Data extract:

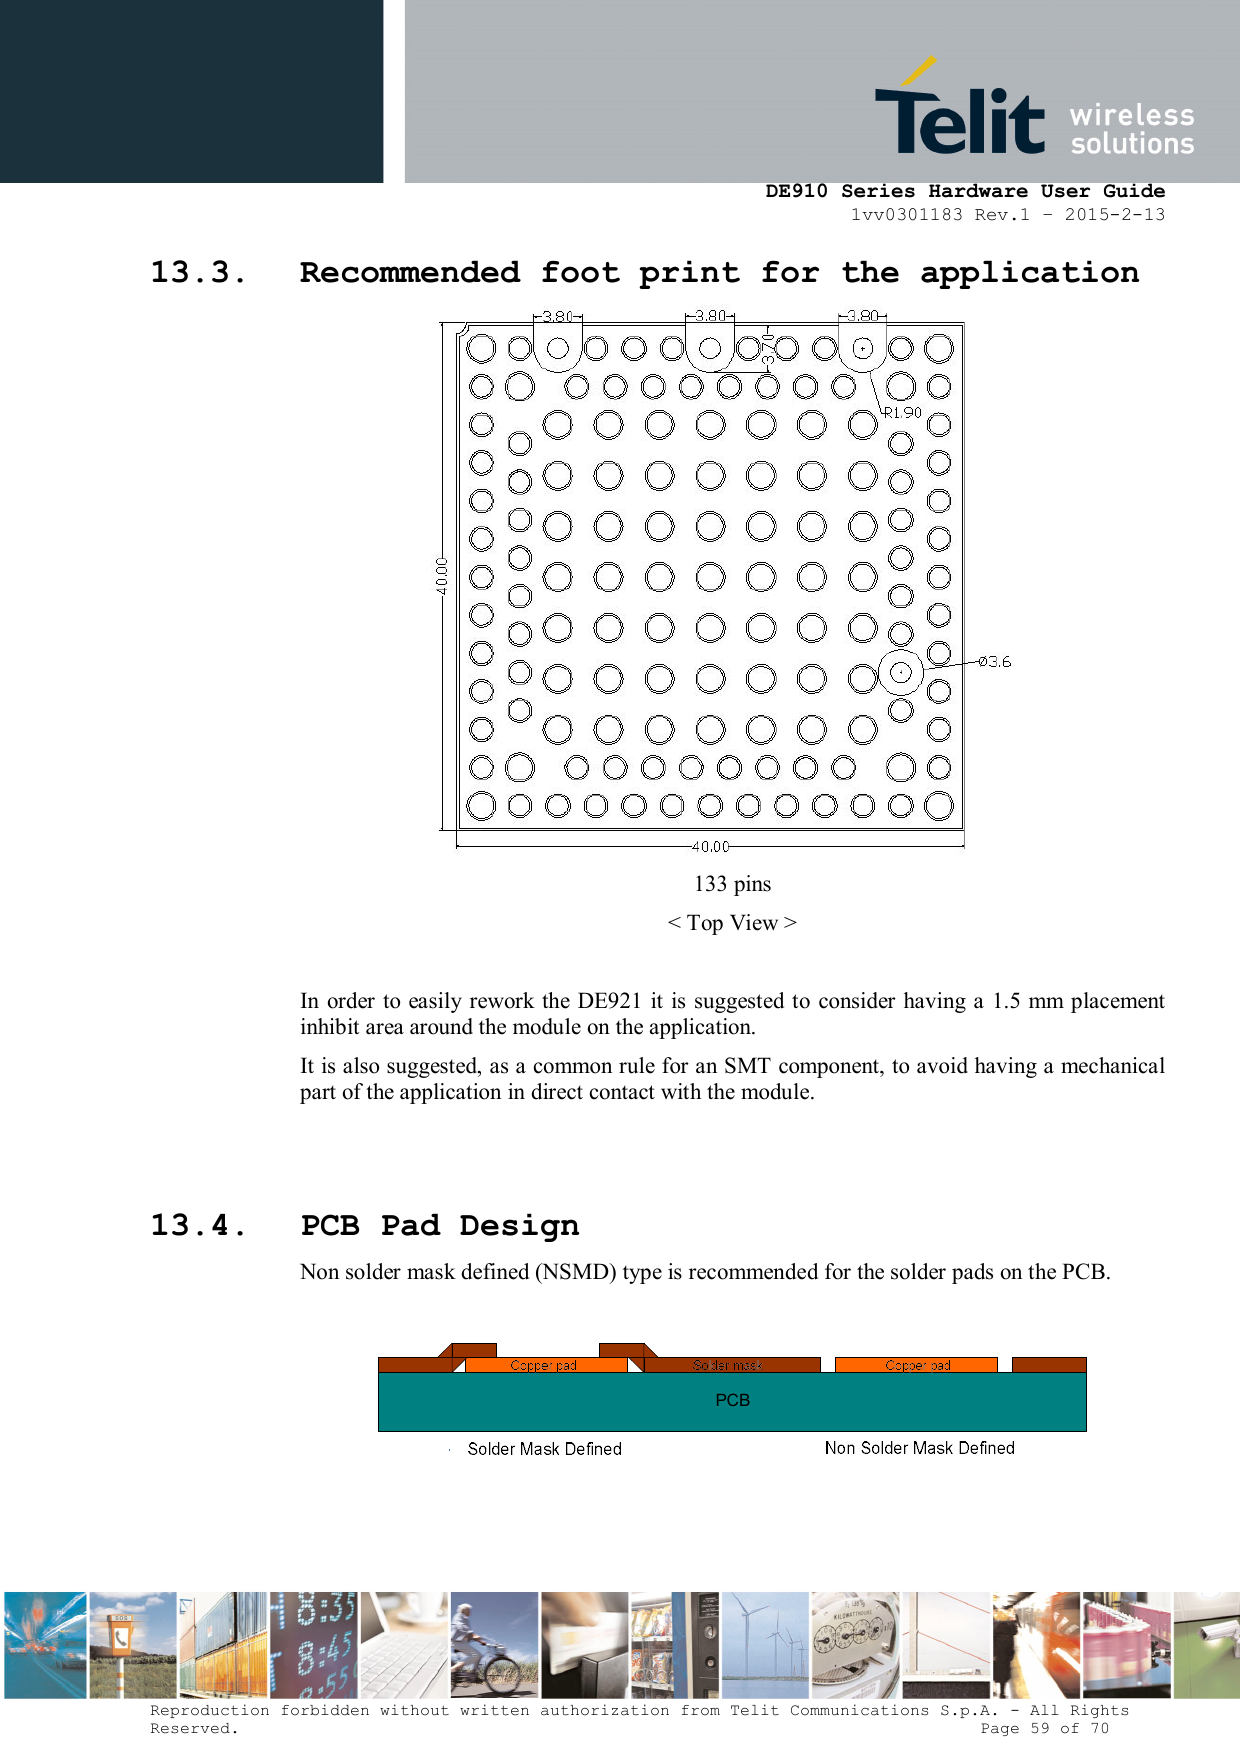      DE910 Series Hardware User Guide 1vv0301183 Rev.1 – 2015-2-13 Reproduction forbidden without written authorization from Telit Communications S.p.A. - All Rights Reserved.                                                                          Page 59 of 70 13.3. Recommended foot print for the application  133 pins &lt; Top View &gt;  In  order to easily rework the DE921 it is suggested to consider having a 1.5 mm placement inhibit area around the module on the application.  It is also suggested, as a common rule for an SMT component, to avoid having a mechanical part of the application in direct contact with the module.   13.4. PCB Pad Design Non solder mask defined (NSMD) type is recommended for the solder pads on the PCB.  PCB  
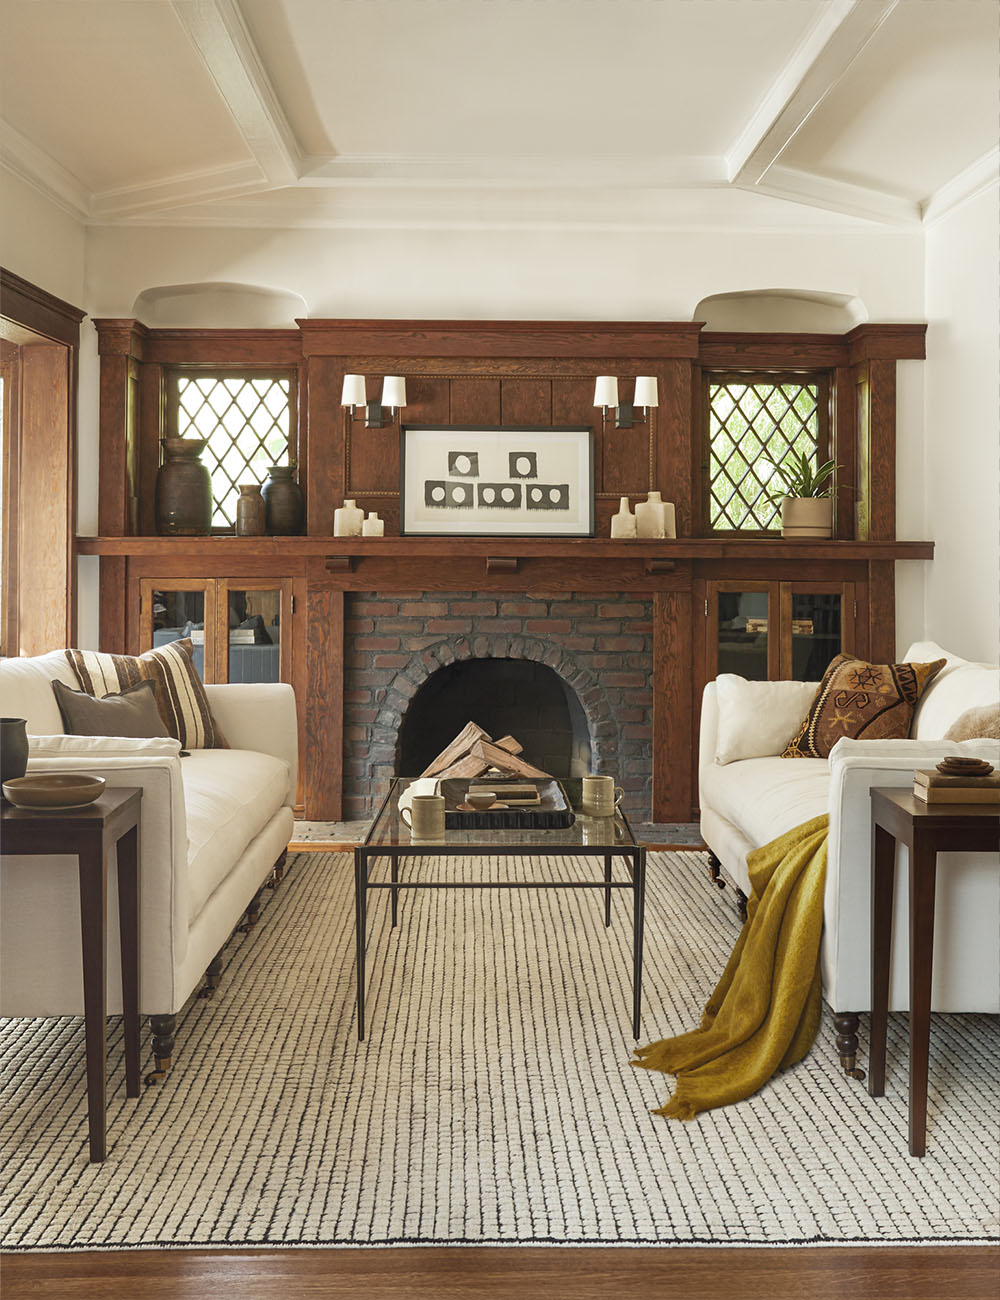 The subtly checked black and neutral Uma rug grounds this craftsman-style living room with two ivory sofas facing each other in front of a wooden fireplace.
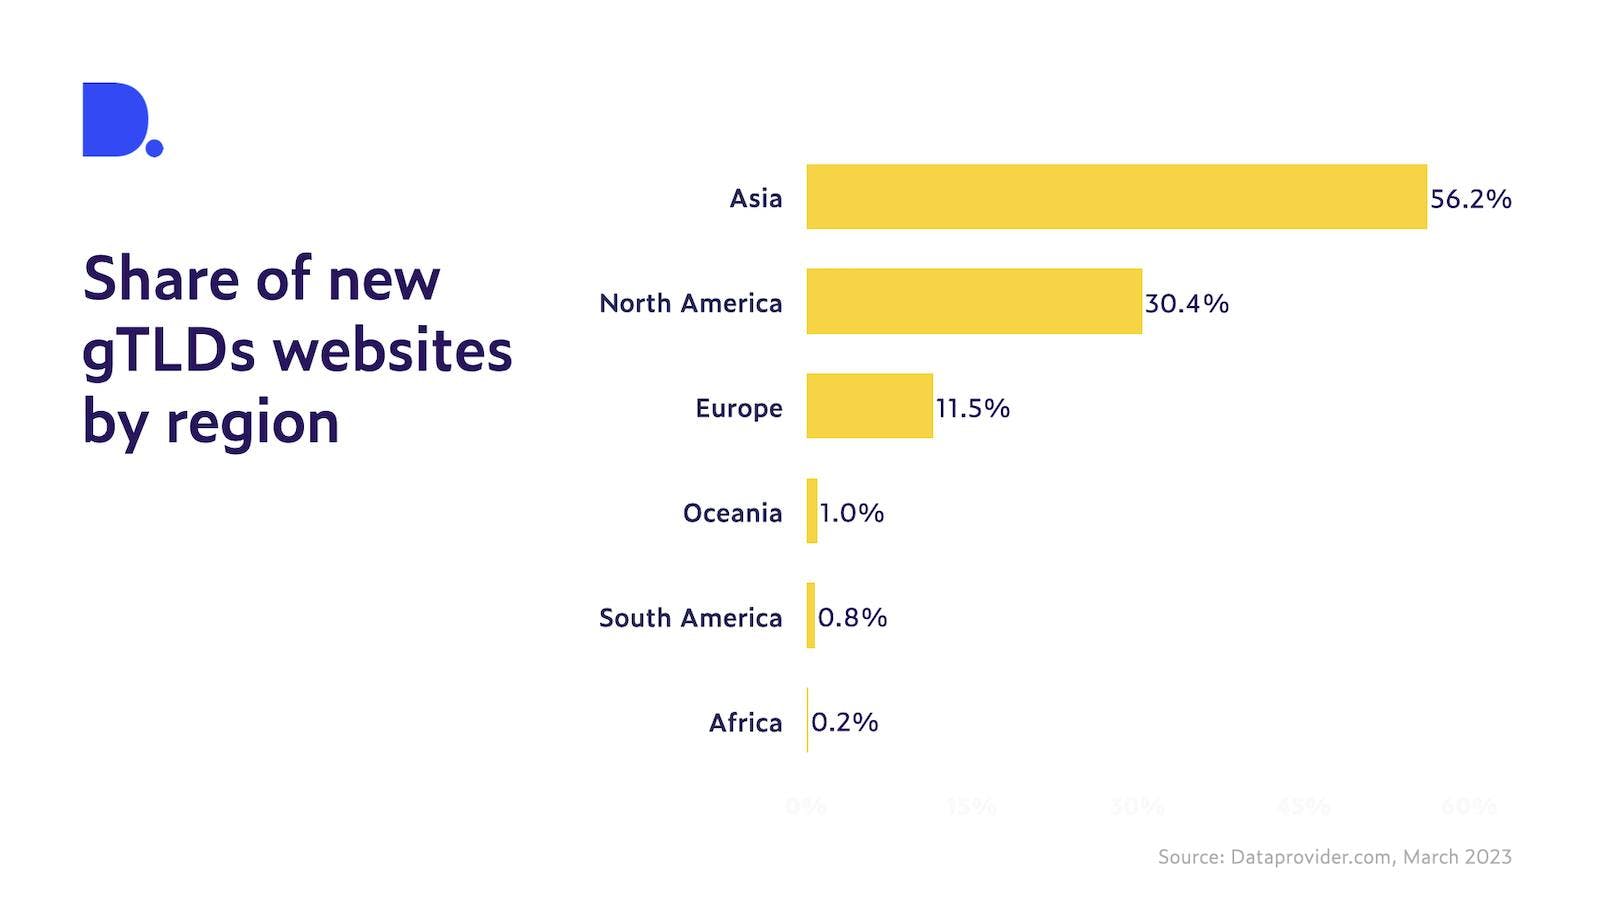 Geographic distribution of new gTLD websites
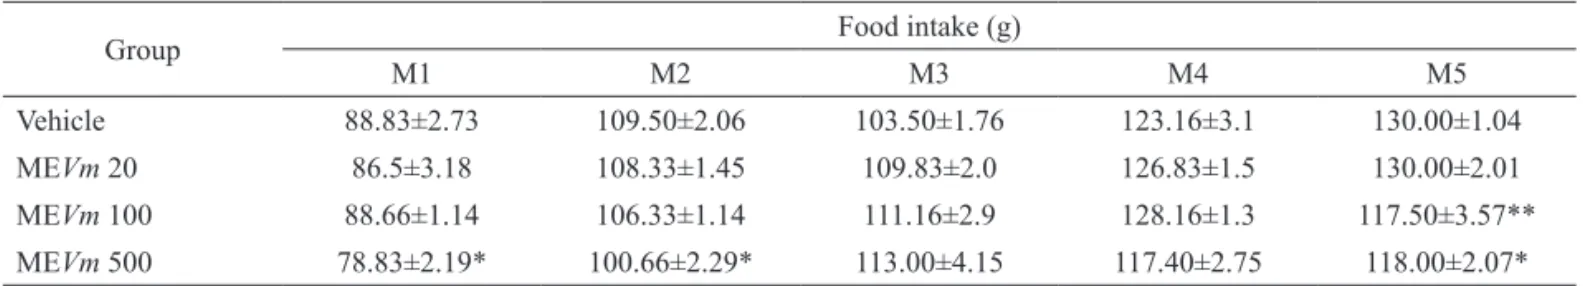 Table 2. Effect of the methanolic extract of  Vatairea macrocarpa (MEVm, mg/kg p.o.) on the food intake of rats after 30 days of  treatment

What the task requires:
As you output the material, omit the pictures but alter nothing else.

Problem solution:
      DE910 Series Hardware User Guide 1vv0301183 Rev.1 – 2015-2-13 Reproduction forbidden without written authorization from Telit Communications S.p.A. - All Rights Reserved.                                                                          Page 59 of 70 13.3. Recommended foot print for the application  133 pins &lt; Top View &gt;  In  order to easily rework the DE921 it is suggested to consider having a 1.5 mm placement inhibit area around the module on the application.  It is also suggested, as a common rule for an SMT component, to avoid having a mechanical part of the application in direct contact with the module.   13.4. PCB Pad Design Non solder mask defined (NSMD) type is recommended for the solder pads on the PCB.  PCB  
 The subtly checked black and neutral Uma rug grounds this craftsman-style living room with two ivory sofas facing each other in front of a wooden fireplace.
 Geographic distribution of new gTLD websites
 Table 2. Effect of the methanolic extract of  Vatairea macrocarpa (MEVm, mg/kg p.o.) on the food intake of rats after 30 days of  treatment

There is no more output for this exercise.